Is AVA Sentient?

A shameless hook to discuss Machine Learning and Artificial Intelligence.


Sentience: the ability to feel, perceive, or experience subjectively.

In the movie Ex Machina, AVA is a robot that is seemingly human thanks to her advanced Artificial Intelligence. Her ability to manipulate people and escape from her confines is taken to be a type of proof that a meaningful threshold has been crossed.

This premise prompted an interesting discussion at work: Is AVA sentient? Is she concious? The movie leads us to believe she was, but my team ended up agreeing she was not. For instance, she wasn’t aware of time, she never deviated from being escape oriented, her automatic pursuit of a street corner, etc … in short, she seemed to be lacking a free will. So, we concluded that theoretically she represents a machine programmed to escape with the most sophisticated engineering conceivable. This is less impressive than an autonomous machine capable of choosing it’s own course.

This ambiguity highlights an interesting place within the history of Artificial Intelligence. Finding answers within a reductive model is different from an intelligence that is capable determining importance, pursuing the open ended problems, and discovering it’s own models.

Unpacking the difference between the reductive use of ML for “big data insights,” and the longer term possiblity of full AI, establishes two opposing poles that help to better understand the merits, possibilities, and limitations of each.

Big Data Insights

To represent this camp, I’ll pull from the recent a16z podcast with Christopher Nguyen. He beautifully describes the most common use of Machine Learning, which is beginning to embed data insights into products. Rather than just telling us about the past, ML has the potential to reliably provide guidence about future outcomes within narrowly defined areas. For instance, see Target knows you’re pregnant.

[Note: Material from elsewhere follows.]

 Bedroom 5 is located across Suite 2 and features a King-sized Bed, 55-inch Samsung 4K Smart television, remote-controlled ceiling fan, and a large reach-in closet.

To summarize part of his interview, he helpfully divides all of this into three sections that stack on each other:

  1. Big Storage: the ability to store large amounts of data. Hadoop is basically this, storage, with some parallelization.
  2. Big Compute: the ability to apply models and reduce this data to classify things and predict future behaviors. Google started this with Map Reduce, and then Spark made the process faster through memory.
  3. Big Apps (coming soon): These put people in the driver’s seat and provide an interface for guiding questions and deriving insights. The hope is that learning can be co-located within our productivity tools.

Technology infrastructure has made huge advances allowing all of this to become a reality. The commodization of data insights into our everyday tools will be a powerful upgrade from how most people/companies operate today.

Deep Learning AI

Contrary to solving narrowly defined problems with trained ML models, the type of AI that movies fantasize about requires a machine that can create it’s own models of the world, figure out what matters, and autonomously create it’s own reductions (abstractions). This is a totally different animal.

To represent this camp, I’ll use Monica Anderson’s recent contributions about creating a AI without the use of reductive models. Her view is that reduction makes the problem space so small that figuring out the answer is simply mechanical. That’s not real intelligence. Further, models remove context, which is required for understanding language and meaning. She has some good summaries are here and here.

True AI is something that is learning, not through logical reasoning, but through intuitive understanding. So, the real challenge here is not to find answers, but to create a program that is capable of learning from a corpus of data without training. This begins with creating a comprehensive map of all internal connections within the data, pattern discovery, and then the emergence of understanding. I could go on, but if you’re interested in diving deep, just follow her links.

This technology is real, not fantasy. For instance, Google currently uses it to boost language recognition and has an AI that can learn to play games without any training. I would say that “learning” is the concept that best unifies Google’s seemingly diverse pursuits.

Summary & Predictions

Tradional reductionist approaches to machine learning — which simplify the world — work well for providing answers to very specifically defined problems with enough data (80–98% accuracy), but struggle with edge cases. This approach will continue to dominate over the next 5 years and will weave it’s way into the best software products.

Deep Learning (Artificial Neural Networks) struggle with accuracy at first, but eventually get better results and do so in a more robust way. Because these take a holistic approach to data and context, they are more prone to mistakes (like a child) on their path to development. However, computational cycle times are becoming palatable enough that significant investment is now being poured into this area. Long term, this has the potential for greater accuracy and maybe even the mindblowing AI that captures our imagination.